Items from a data source
BEGIN
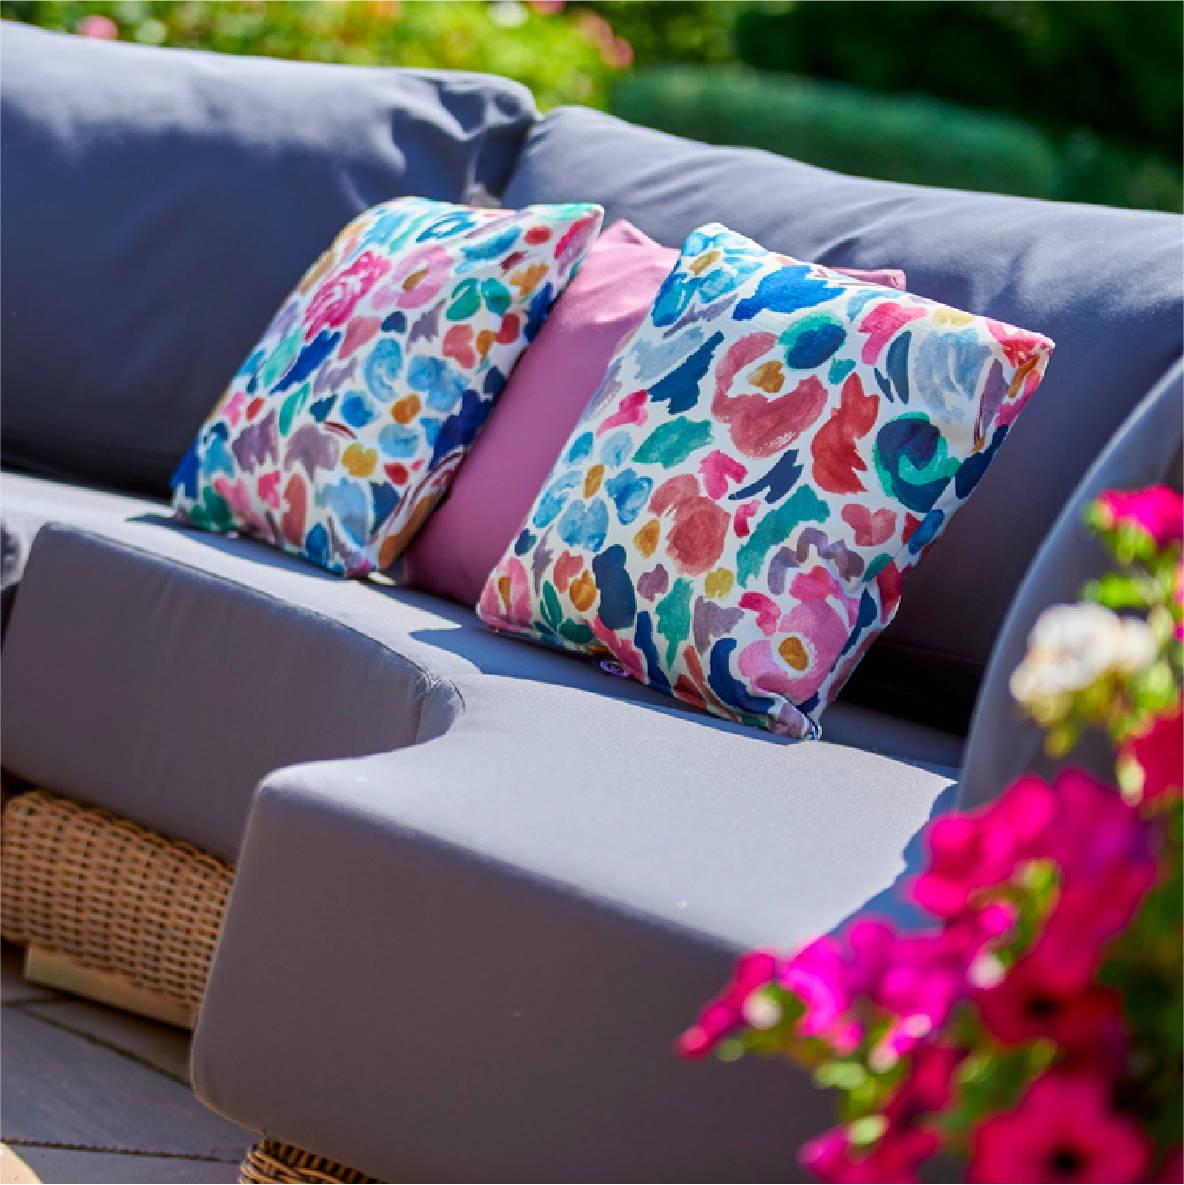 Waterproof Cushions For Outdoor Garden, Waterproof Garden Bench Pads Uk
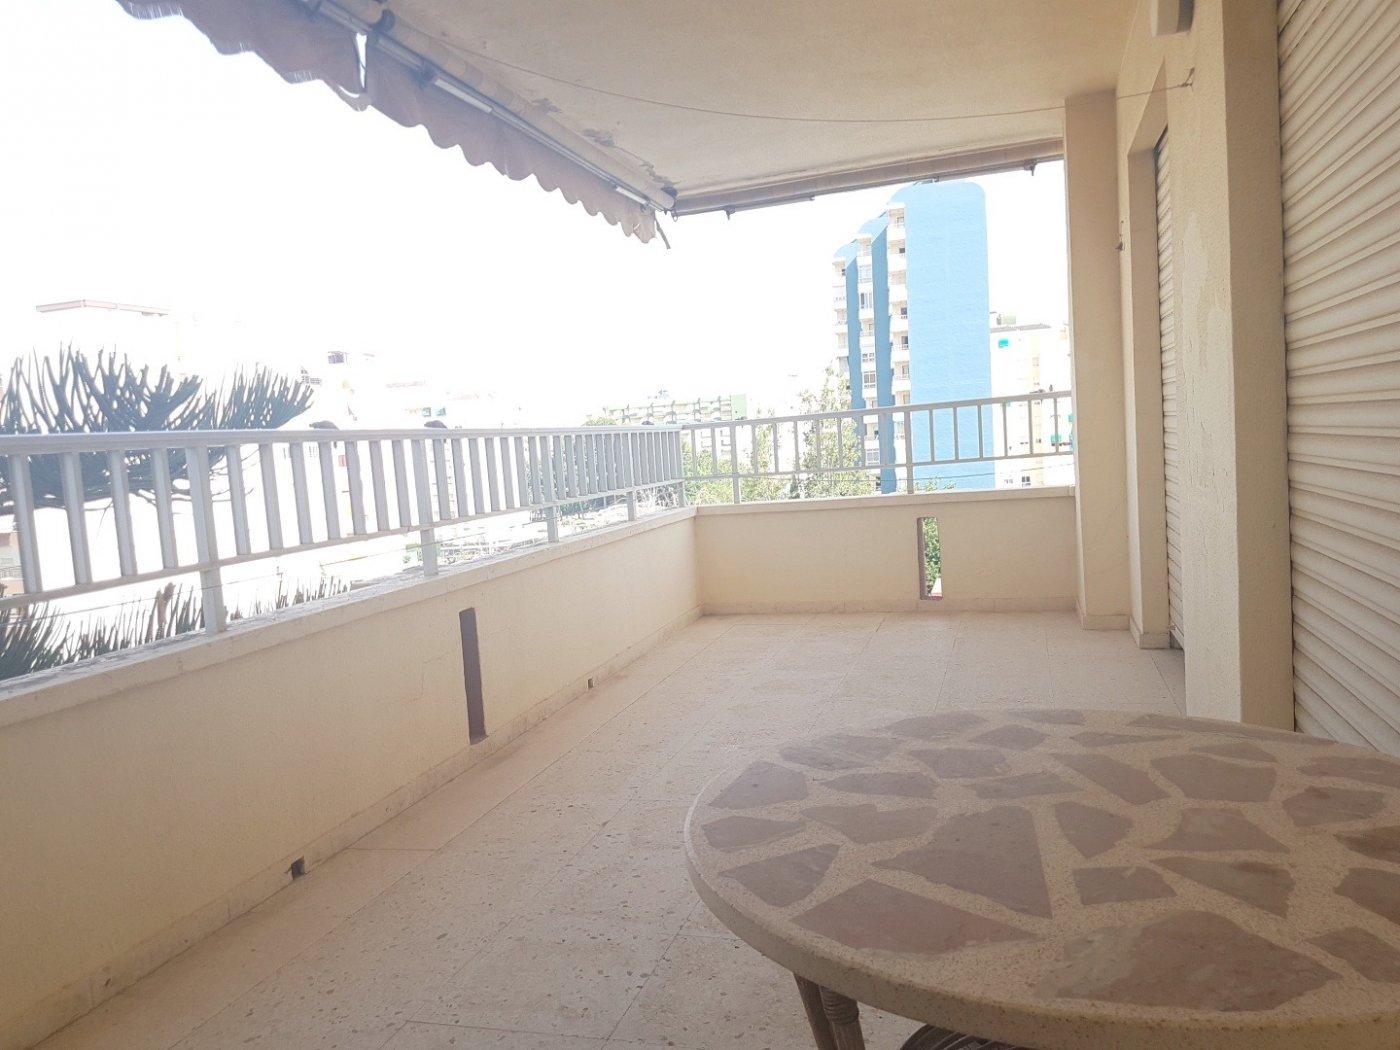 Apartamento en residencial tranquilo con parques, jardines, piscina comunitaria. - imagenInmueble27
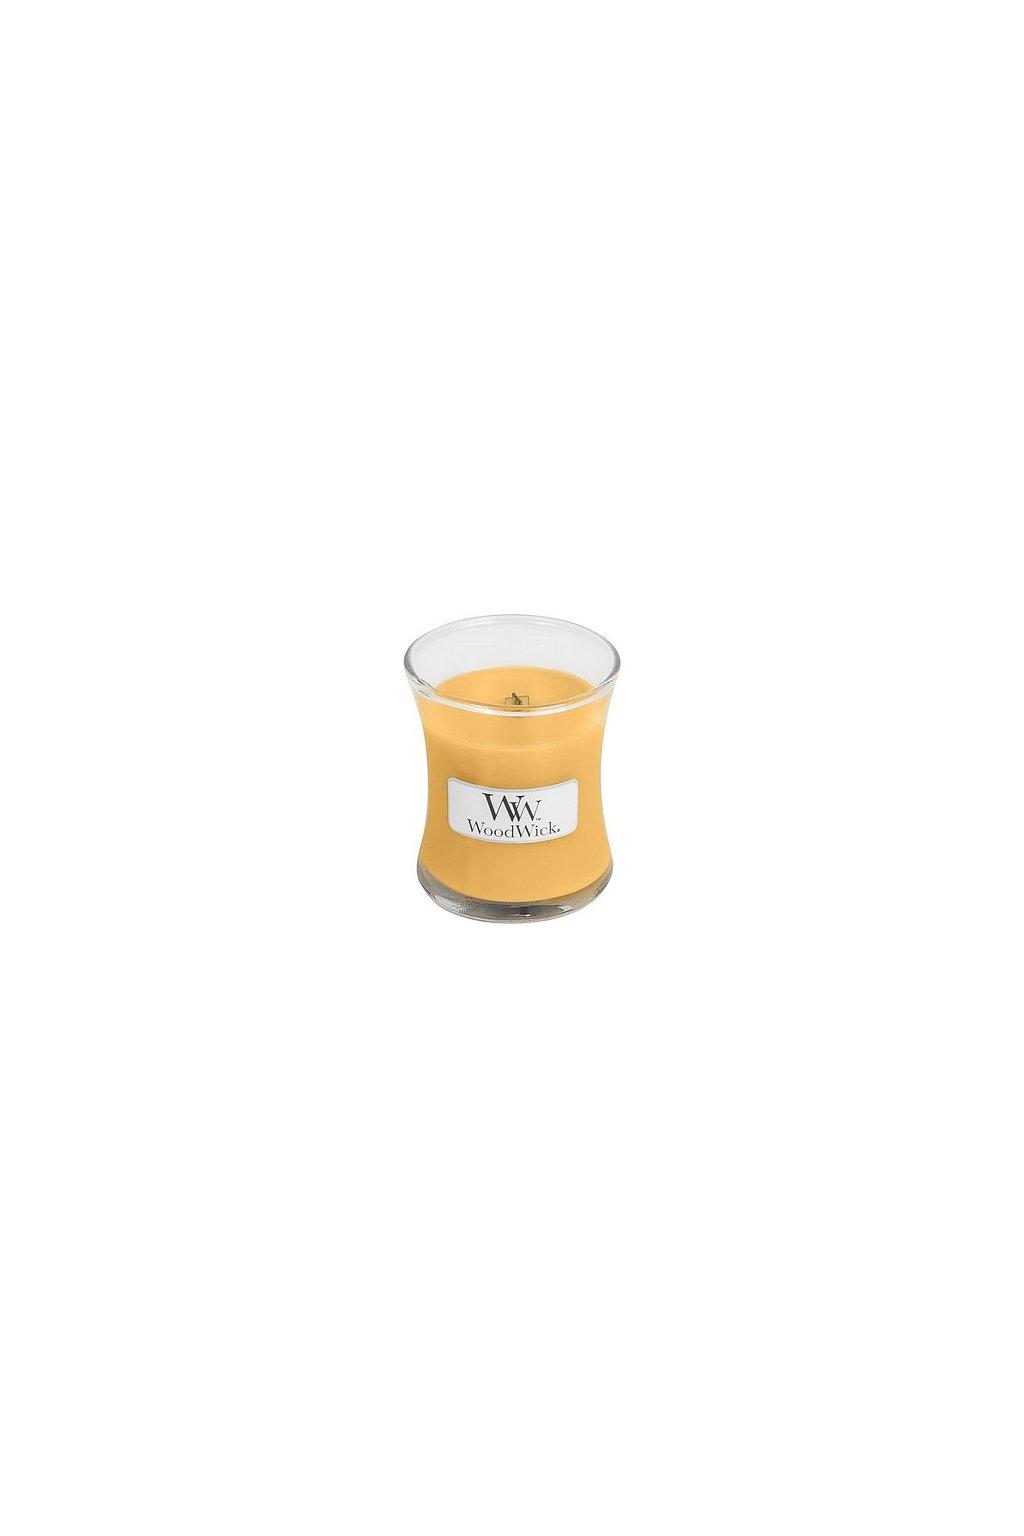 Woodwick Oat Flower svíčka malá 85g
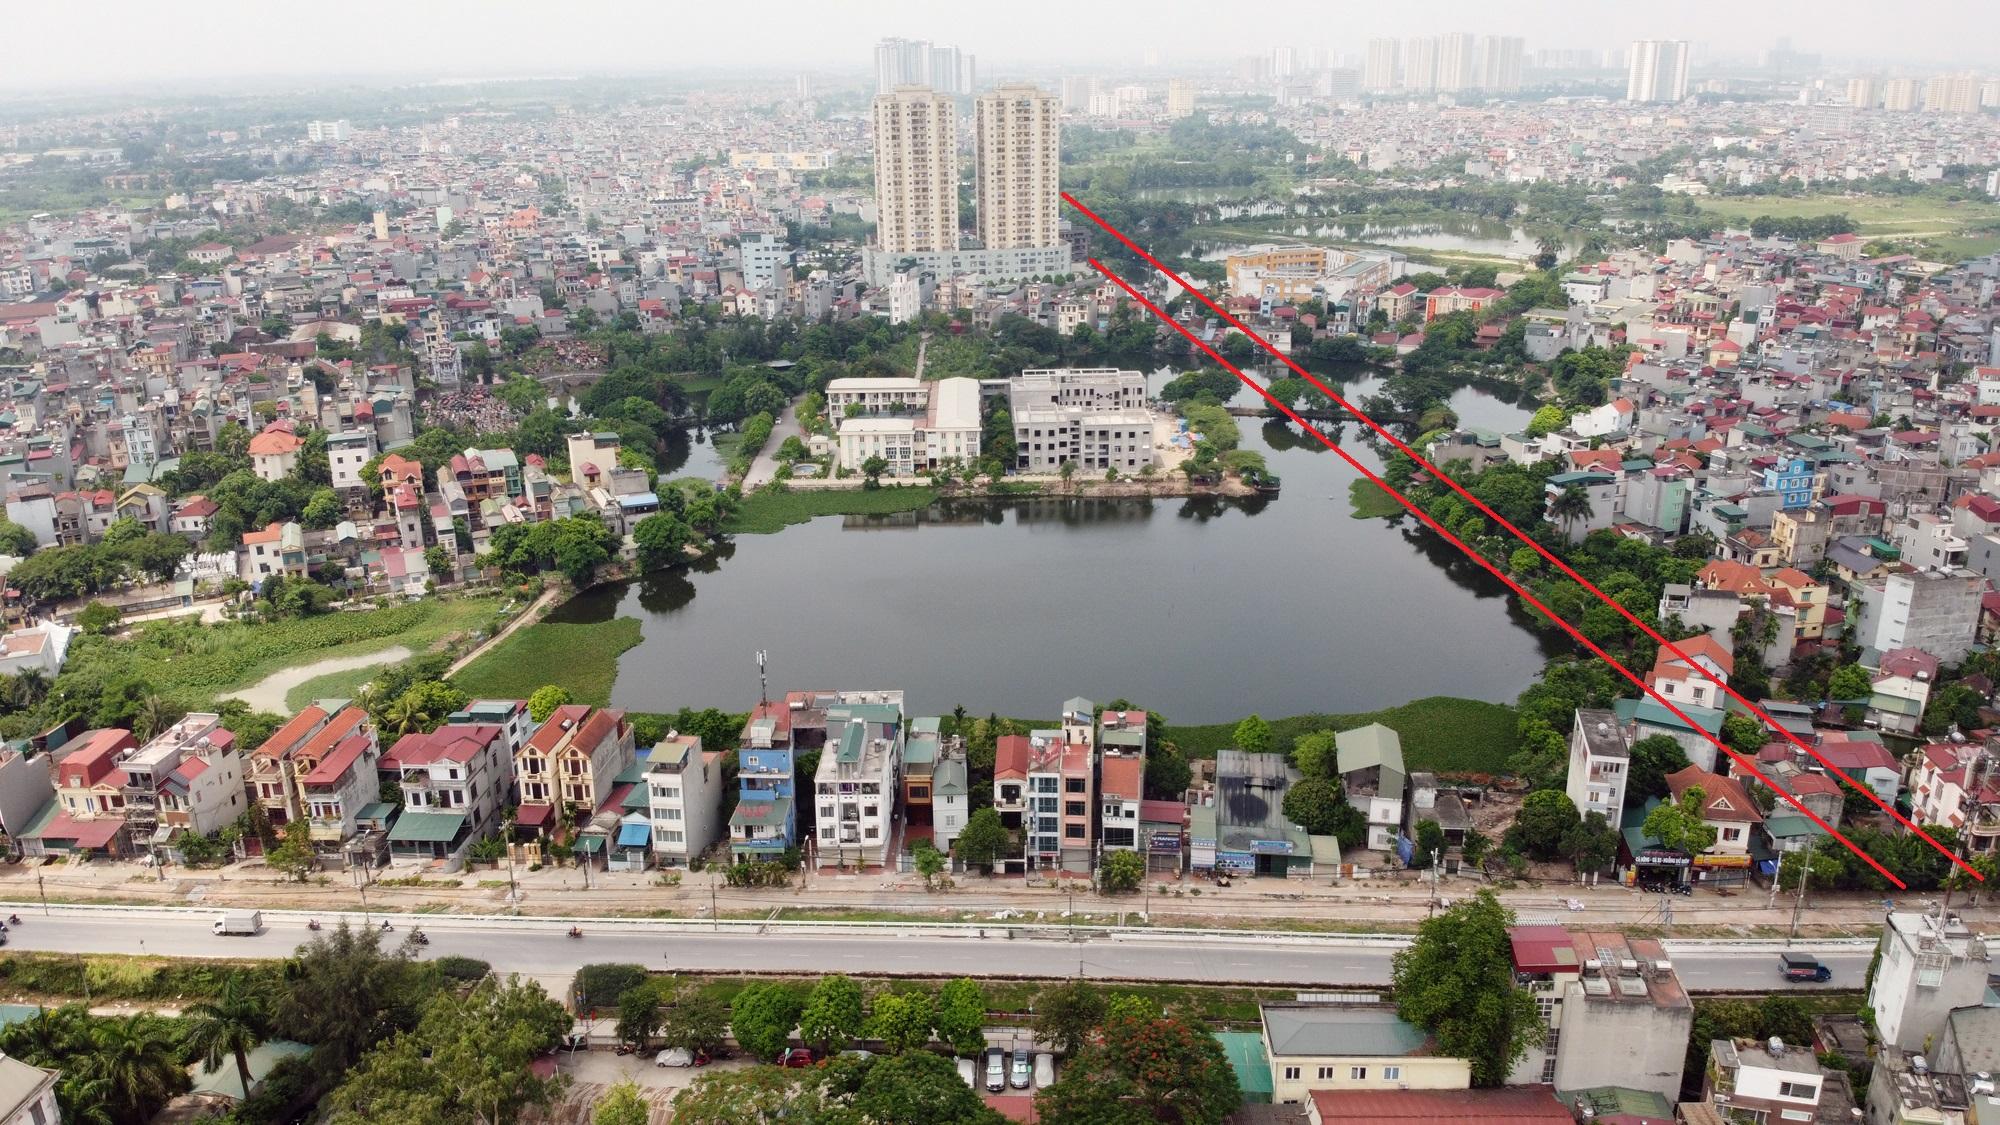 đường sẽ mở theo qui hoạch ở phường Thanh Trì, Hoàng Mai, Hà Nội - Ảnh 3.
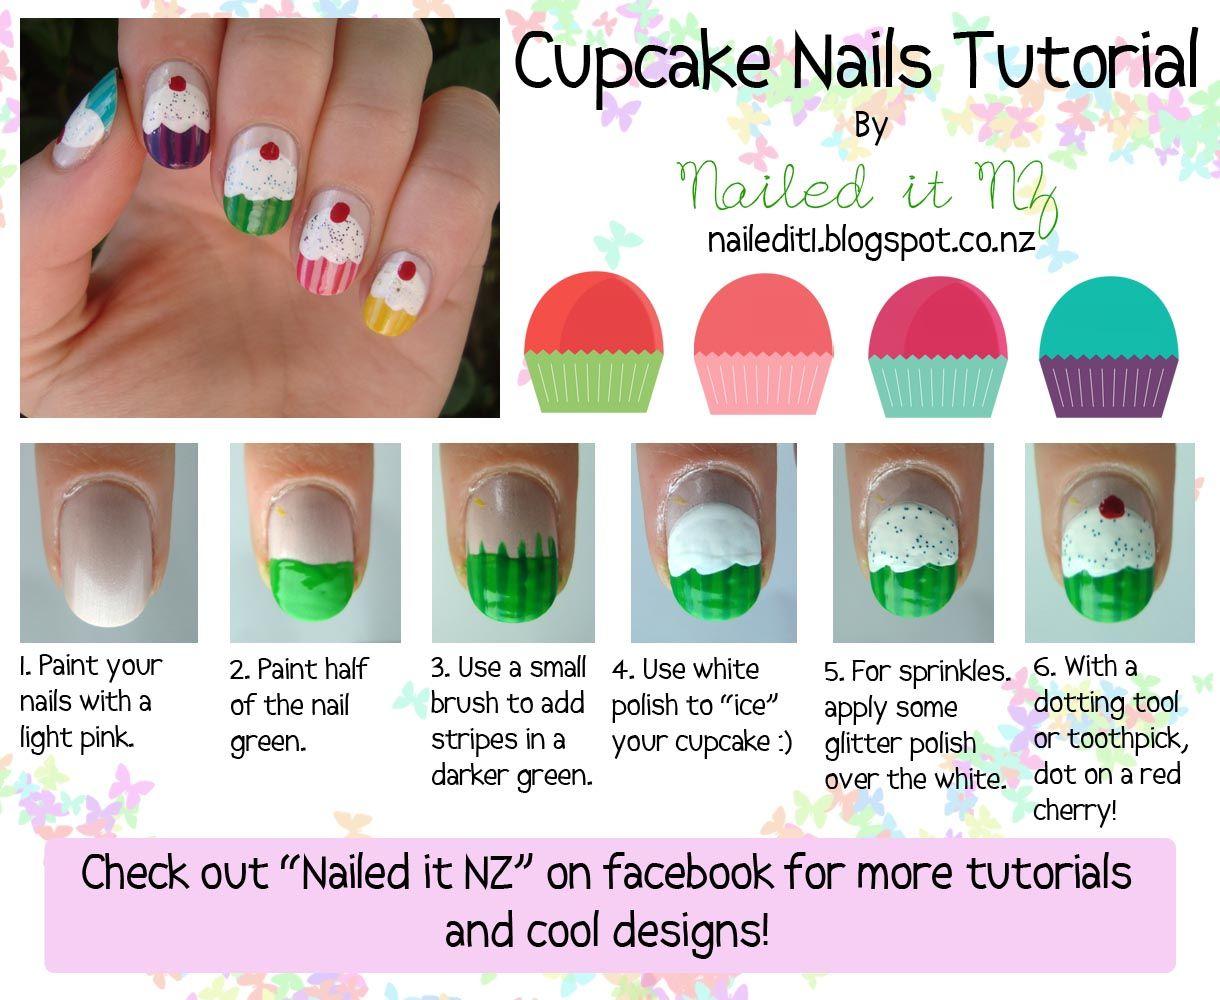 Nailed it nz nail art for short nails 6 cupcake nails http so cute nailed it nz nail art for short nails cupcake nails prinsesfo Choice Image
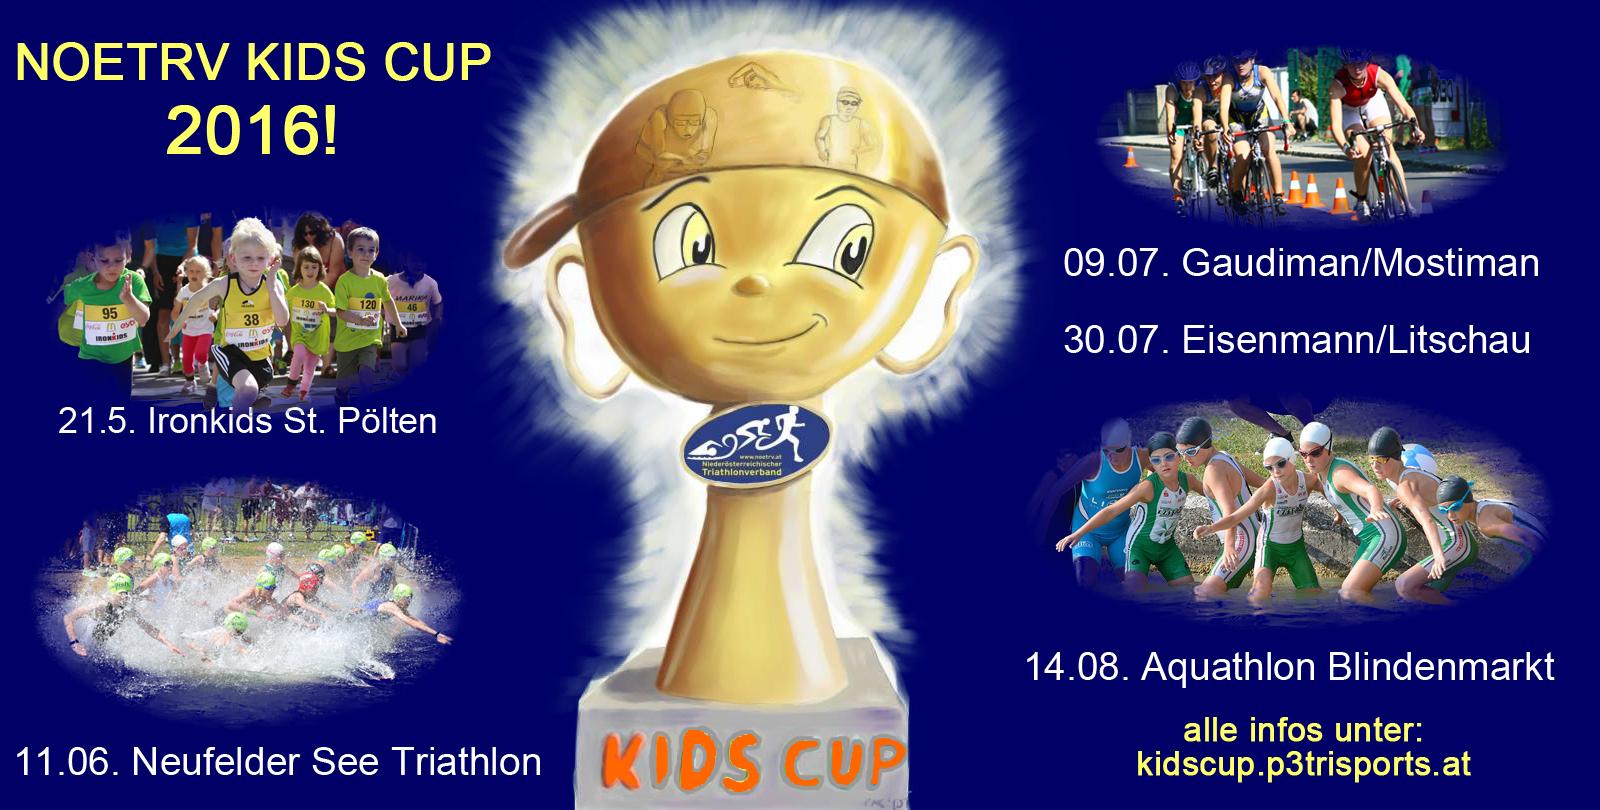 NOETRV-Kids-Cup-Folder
END
→ Assigned task
Pictures should not appear in the copy. Write out exactly the lines above from the first one through the line that contains "đường sẽ mở".

→ The completed task
 Waterproof Cushions For Outdoor Garden, Waterproof Garden Bench Pads Uk
 Apartamento en residencial tranquilo con parques, jardines, piscina comunitaria. - imagenInmueble27
 Woodwick Oat Flower svíčka malá 85g
 đường sẽ mở theo qui hoạch ở phường Thanh Trì, Hoàng Mai, Hà Nội - Ảnh 3.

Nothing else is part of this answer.